Michelle Kesil (21:52)
Yeah, that’s exciting. think there’s a lot of value that can be added in those collaborations.
Awesome. So what is like the next big goal that you have for your business?
Dustin Fronk (22:14)
The next big goal for me is definitely cleaning up and crystallizing the management side of the business. By the way, my portfolio basically has doubled in the past 12 to 18 months. So there’s a lot more properties. The big goal would be getting more systems in place instead of me just.

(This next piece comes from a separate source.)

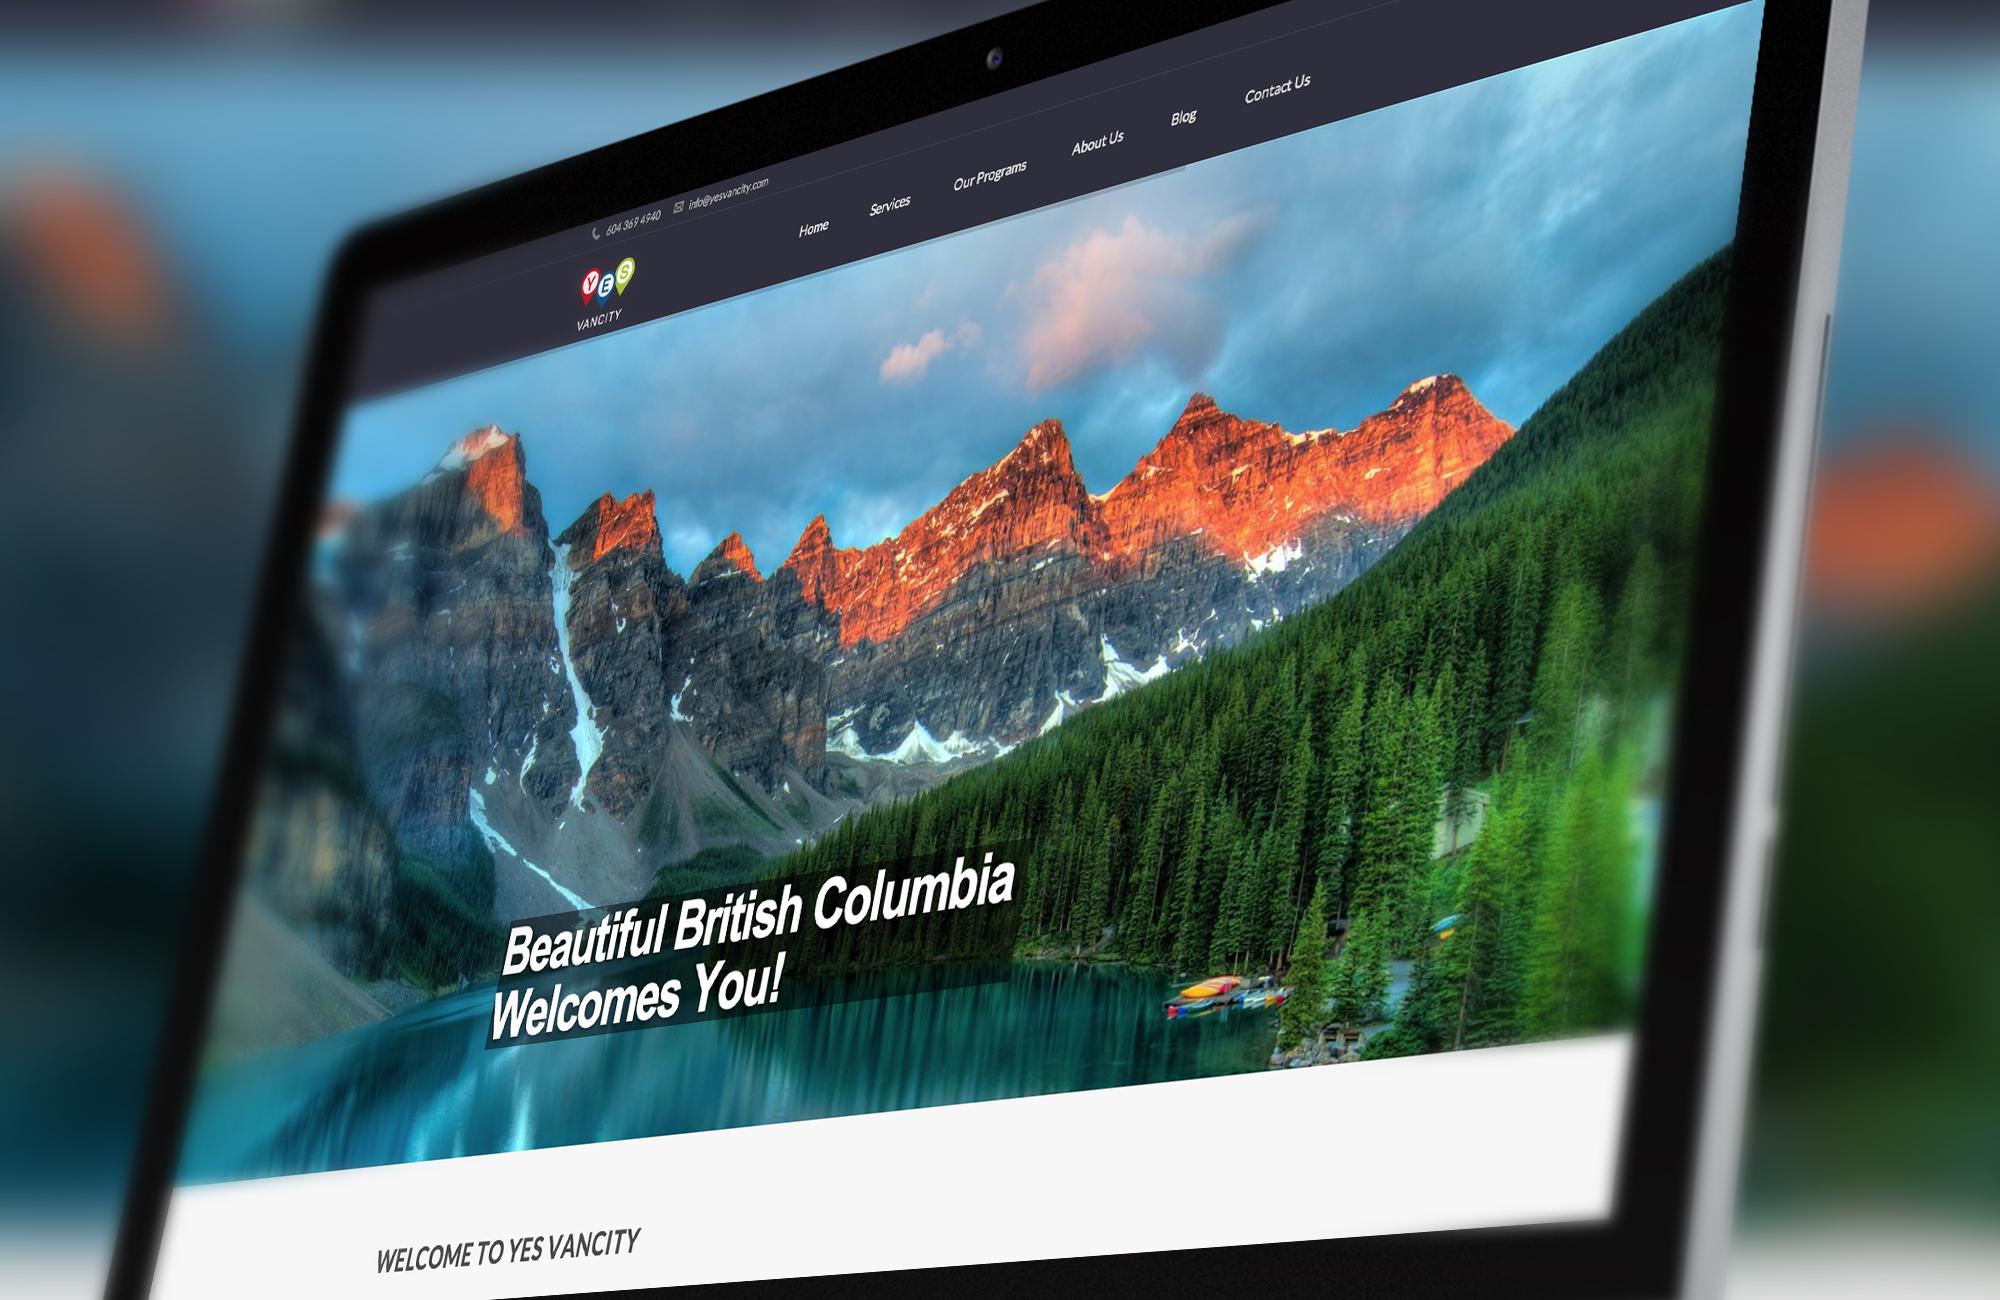 Web Design For Yes Vancity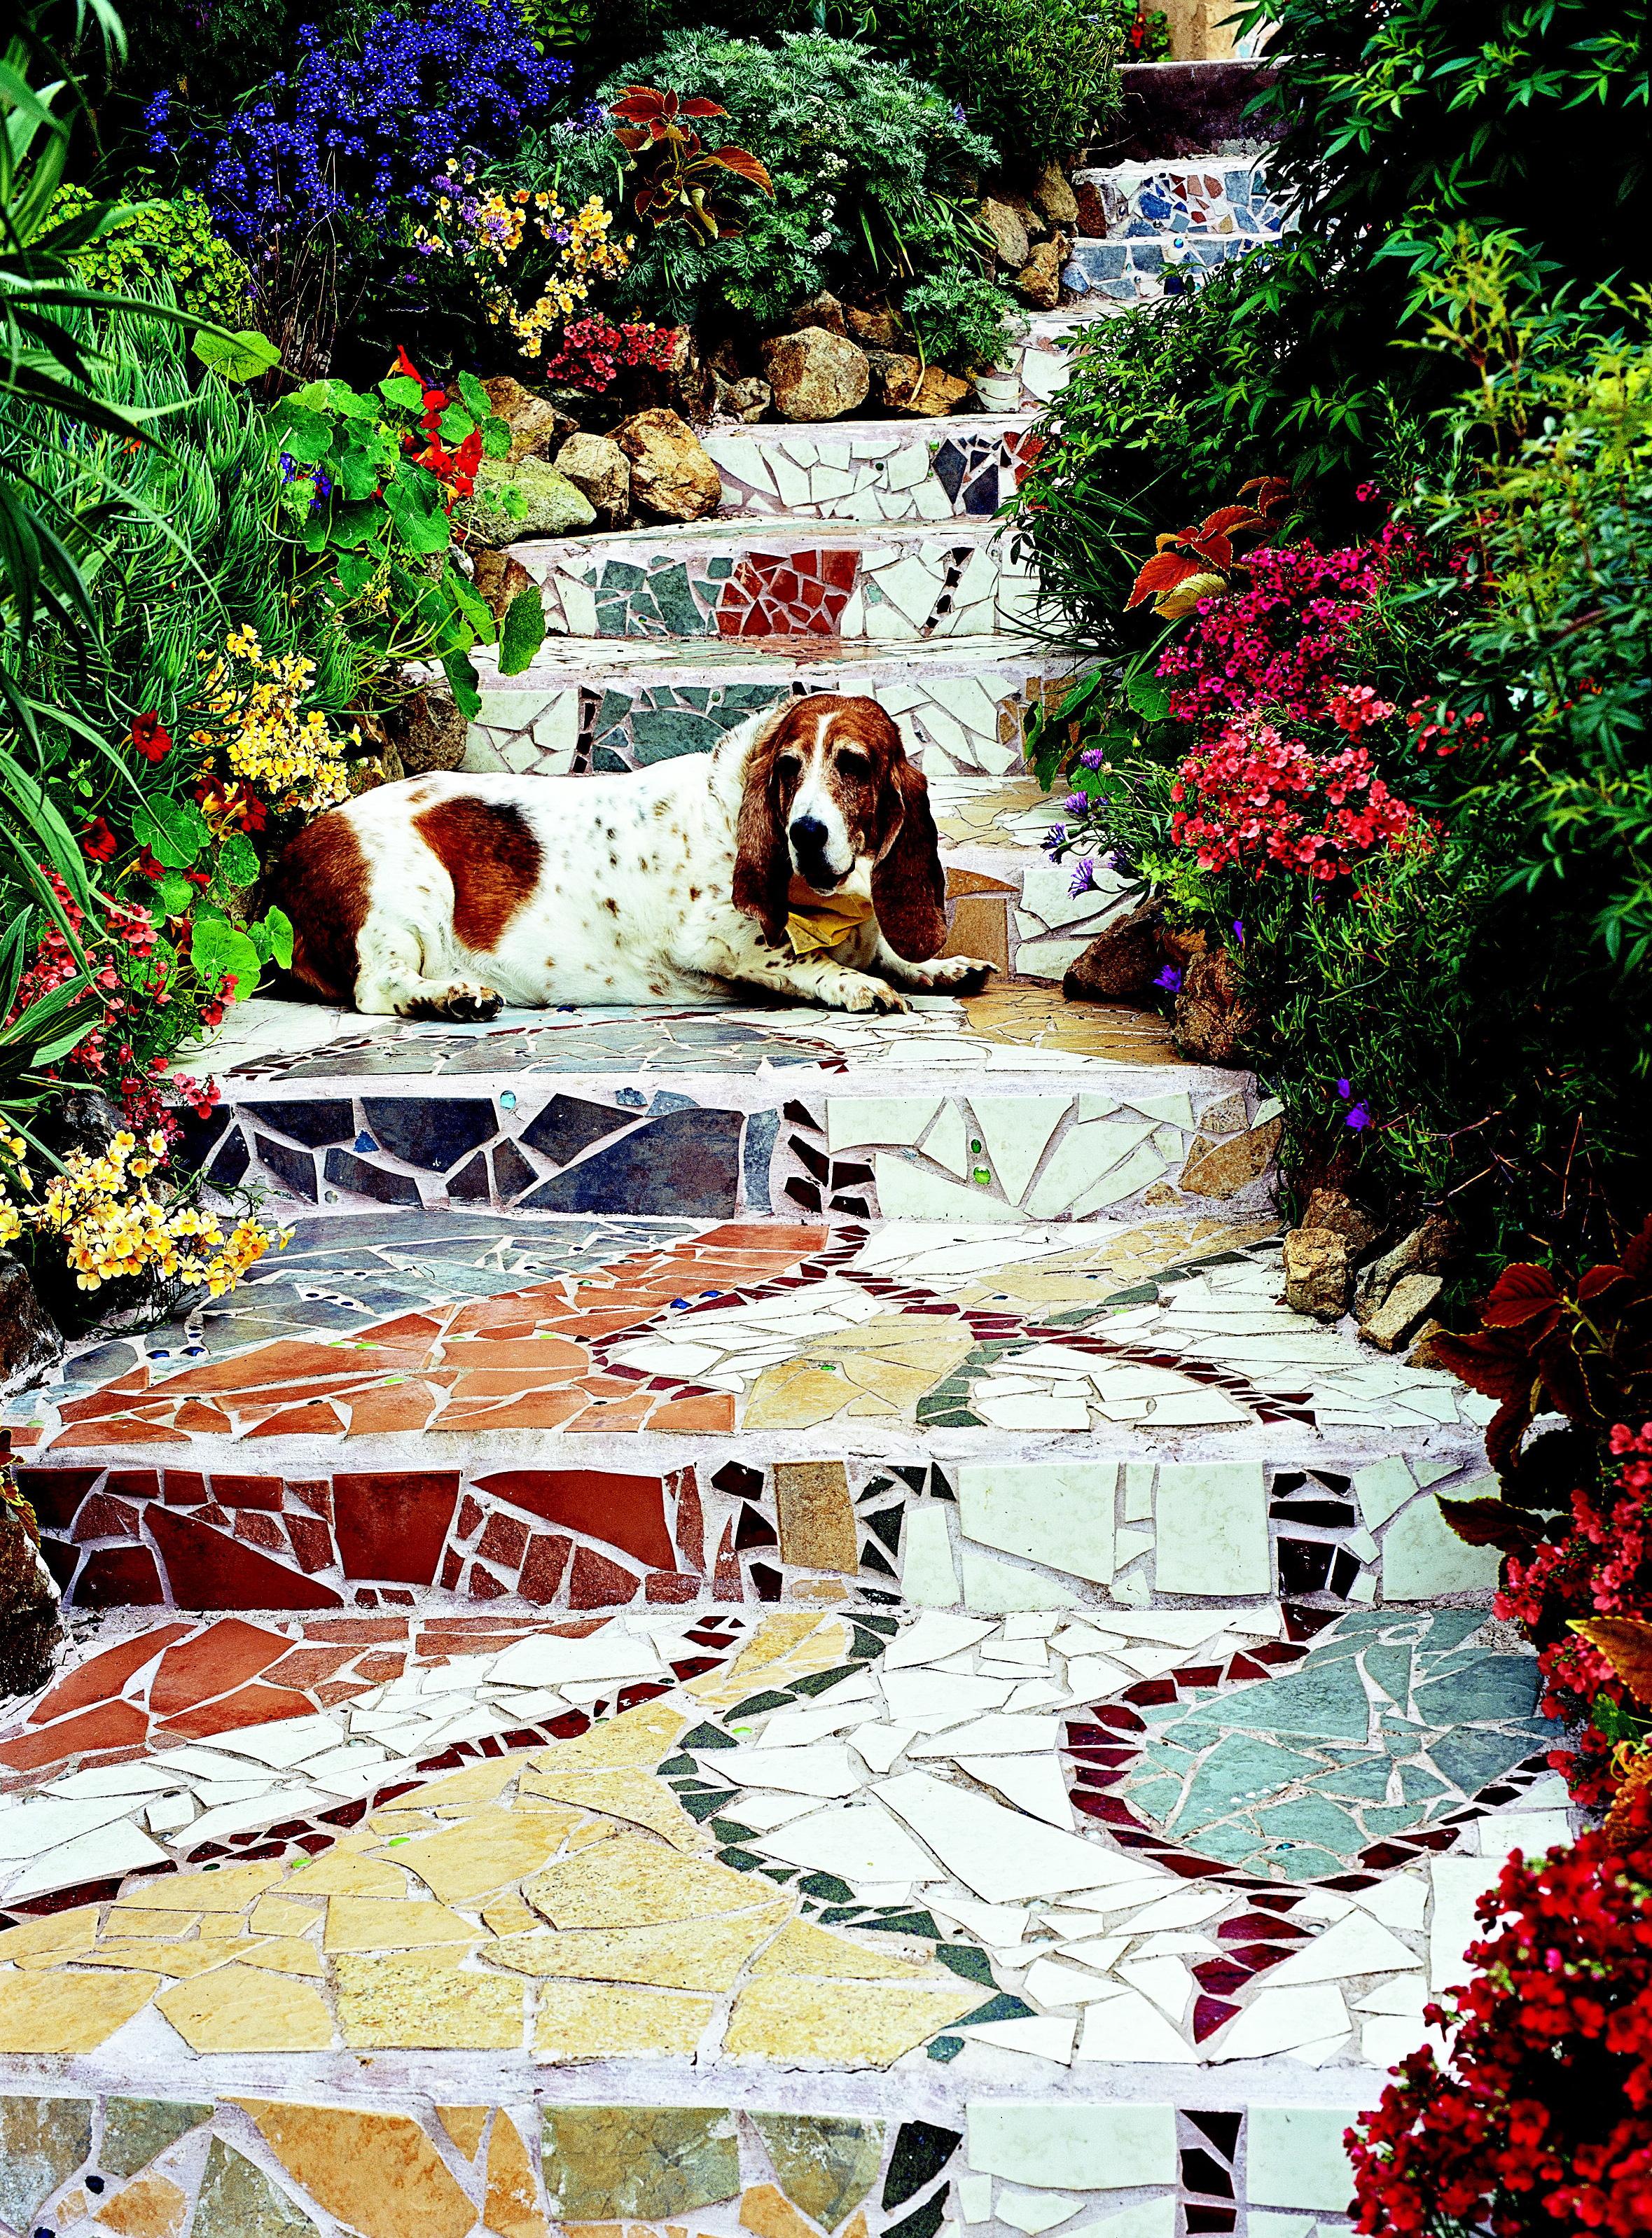 Swirling steps

taking scratch notes and remembering everything off the top of my head and having things more automated with just basic stuff. Rent collection, maintenance requests, setting up Zapier, AI’s hot now, AI automations, evictions, all of that stuff, just having it more of a streamlined process is the thing that I’ve been focusing on the most the past couple of months and probably my big target to
have some of that streamlined and then I go work on actually finding deals. The other thing I’ll add is flips. This is the first year I’ve flipped. I’ve always refinanced. The first 50, 60 deals I did, all of them were refinanced and held. And this year I realized it actually makes sense to sell them sometimes and just take the profit, walk away from the property and move the money on to the next deal. Those are the things I’m focused on right now.
Michelle Kesil (23:20)
Yeah.
Amazing. Yeah, that’s important big stuff. All right, so before we wrap up if someone wanted to reach out connect Learn more about what you’re doing. What’s the best way for them to reach you?
Dustin Fronk (23:58)
I’m definitely most active on ex formerly Twitter. I’m also I’m not on Instagram as much, but I do post on Instagram. And my main one where I’d probably want people to check my stuff out is YouTube. I’ve just started putting out a little couple more long format videos, very in depth, live videos, walking properties, kind of
long format where I can explain things about the business. I would definitely say that YouTube probably number one and X number two. And if you really want to, Instagram number three, those would be the main places. And my handle’s the same on all three. It’s just at residential OG. Or if you look up Dustin Fronk, those will be the main places that I’m posting and showing a lot of behind the scenes stuff on the portfolio.
Michelle Kesil (24:52)
Perfect. Well, listen, I appreciate your time, your story, and your perspective. We need more people in this space doing things in this right way. So thank you for being here.
Dustin Fronk (25:03)
For sure, thank you. I really appreciate you having me and hopefully we can do another one soon.
Michelle Kesil (25:08)
Absolutely. And for those of you that are tuning in, make sure you’re subscribed. We’ve got plenty of more conversations coming with operators just like Dustin who are out here building real businesses. And we’ll see you all in the next episode.